虞樛黎摇摇头,神秘一笑,语出惊人道:“二百五十文。”
“什、什么?!”东家一愣,没见过这样对半砍价的,“这是不是有点玩笑了?”
“那......二百文?”虞樛黎又道。
“不行!”东家急得汗都要下来了,摆手道:“哪有您这样议价的,我这小本生意,您......”

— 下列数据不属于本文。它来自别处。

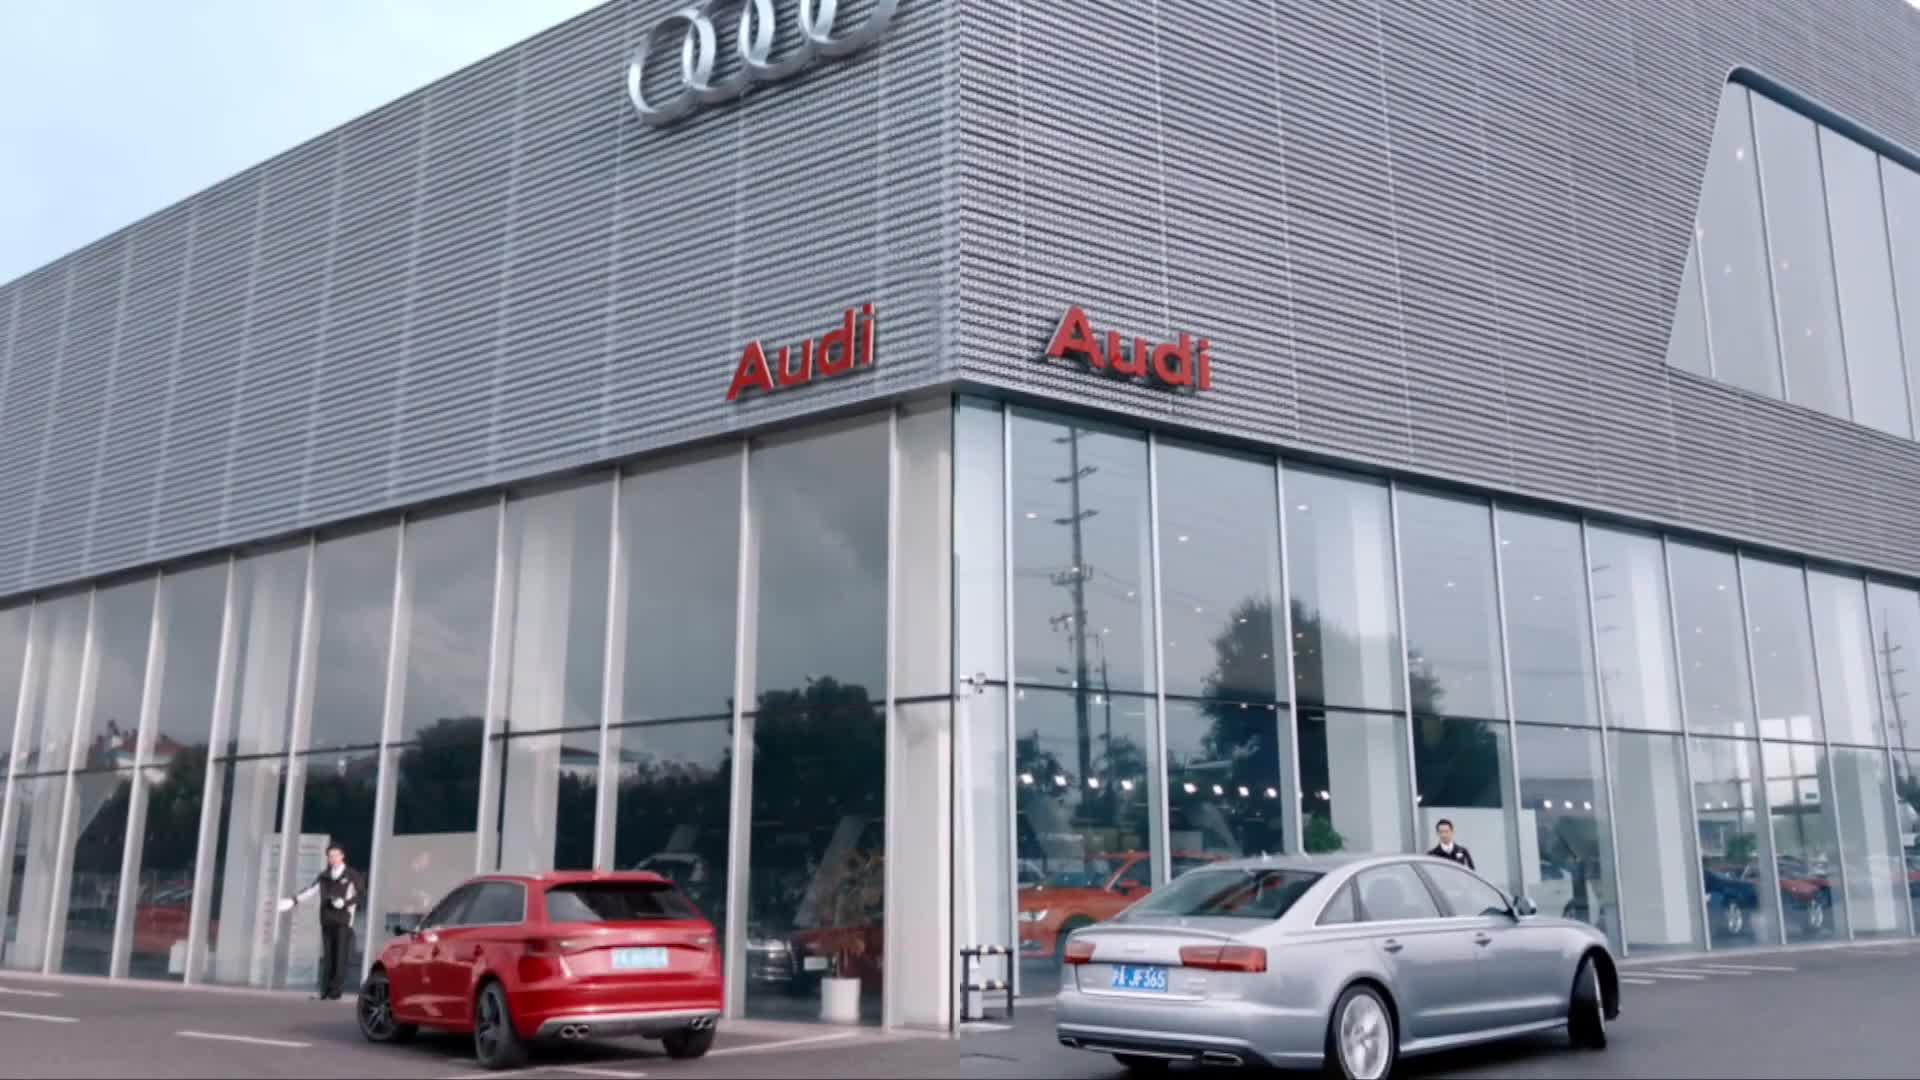 Audi奥迪汽车 《情感篇》
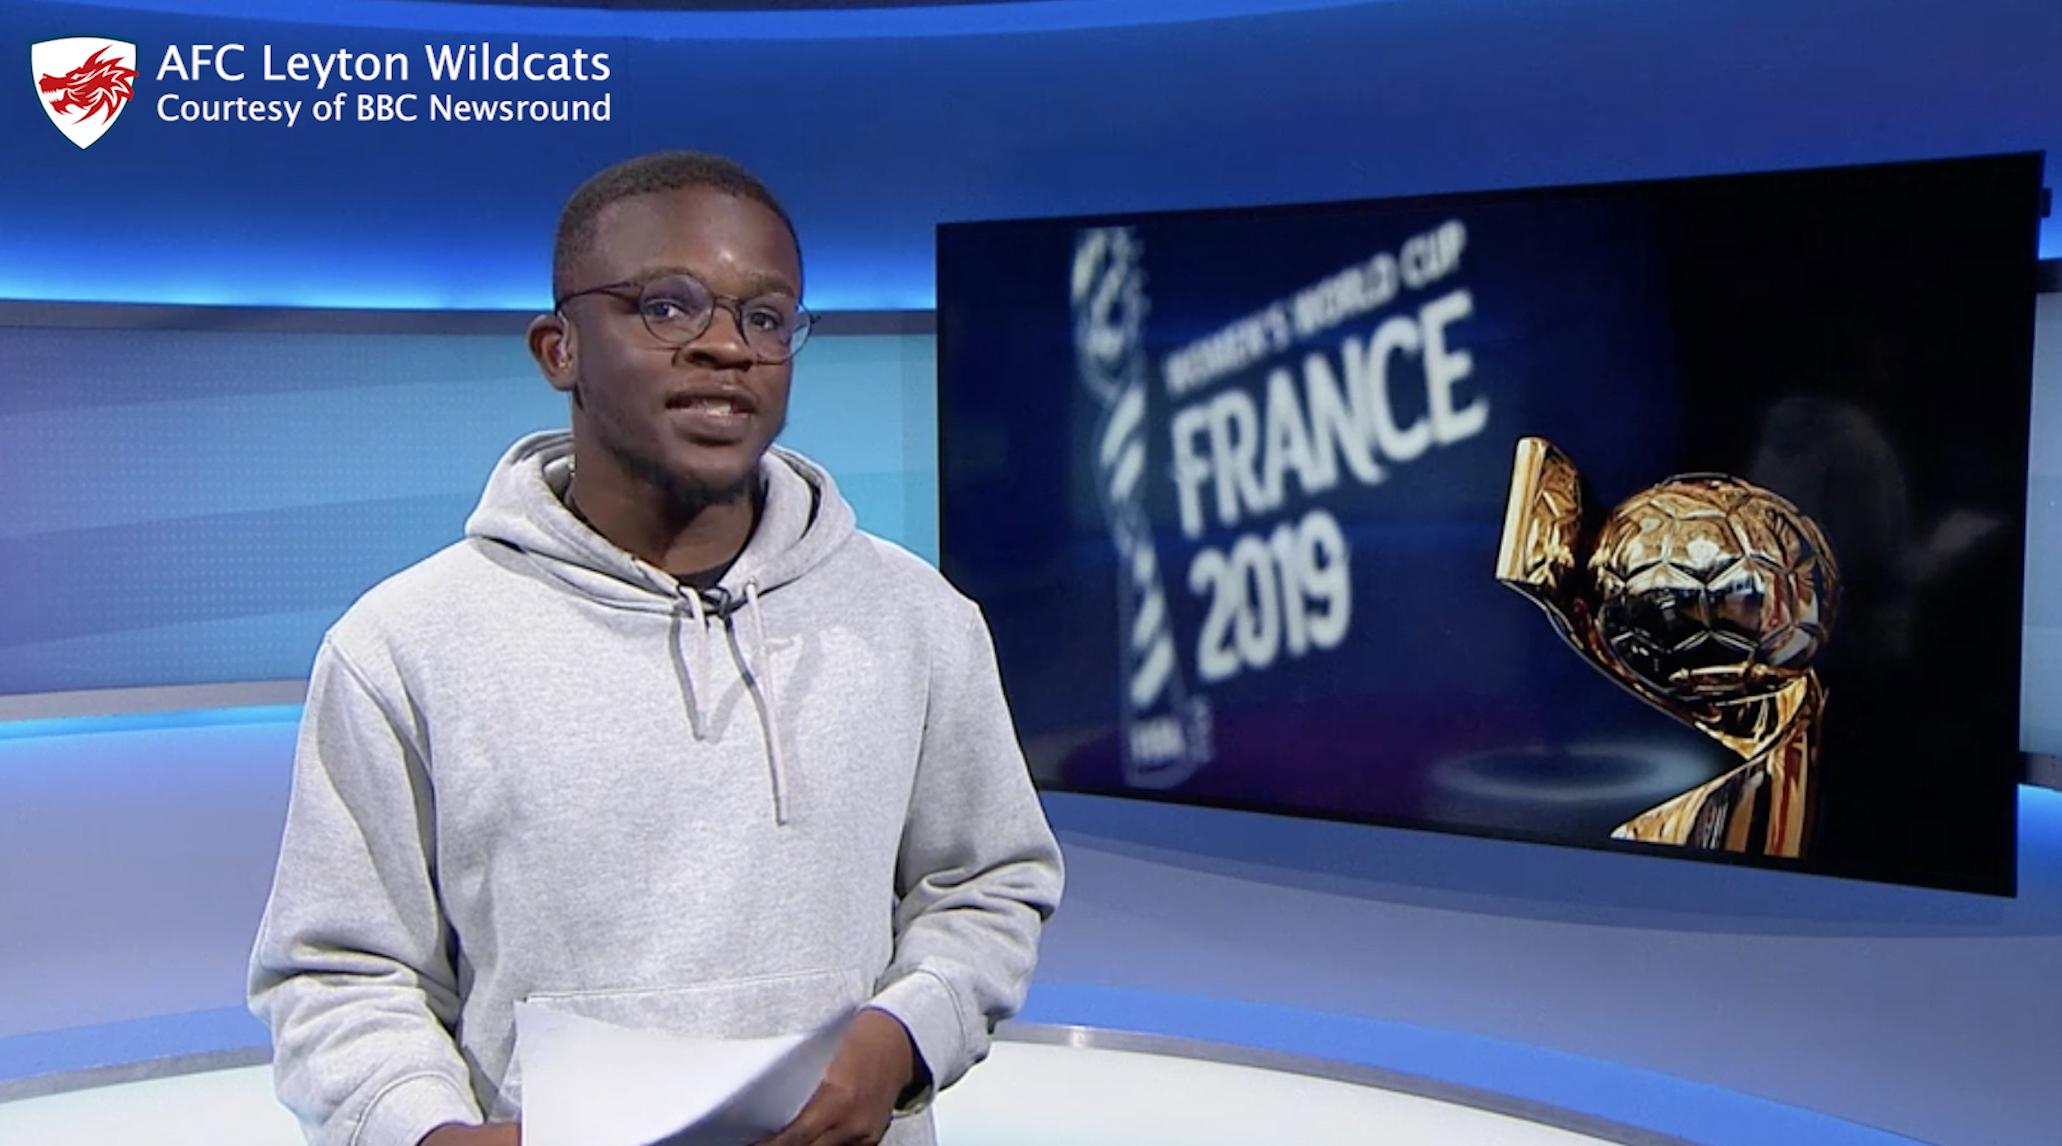 AFC Leyton Wildcats on BBC Newsround

“一百五十文。”虞樛黎道:“掌柜的可想好了,这如今是什么世道,随时有战乱之危,哪一行营生好做?”
东家也没想到面前这人衣冠楚楚竟抠门至此,怒道:“我不租了!你们找别家去!”
“嘶——”
不知从哪冒出一条蛇,清透如翡翠,正慵懒地缠绕在枝头,可能是嫌树下太吵,从东家那棵郁郁葱葱的发财树树冠上往下探头,看架势打算爬到东家脑袋上一探究竟,东家闻声抬头,和那蛇大眼对小眼。
蛇对他吐吐信子,可能是在扮可爱。
“啊——”东家大喊一声,那蛇被他吓一跳,后退半米,昂起蛇首,打算进攻。
这时东家突然感觉腿上痒痒的,一低头,一条阴冷的白蛇正顺着他的腿往上爬呢。
“啊啊——”东家简直吓破胆了,一屁股坐地上要把蛇拽下去,白蛇却左右一摆,躲开了他的手,吐着信子盯着他。
虞樛黎也是一阵狐疑,好端端哪来的蛇,他不着调道:“掌柜的还挺风流,白娘子和小青都来了。”
“别来了!来什么来!”东家张牙舞爪地,生怕被蛇咬到。
此时迦南上前,淡定地蹲在东家身边,伸手在白蛇面前晃了一下,那蛇的视线顺着他的手来回摆。迦南的另一只手从后面轻轻一握,把白蛇从东家腿上拽了下来。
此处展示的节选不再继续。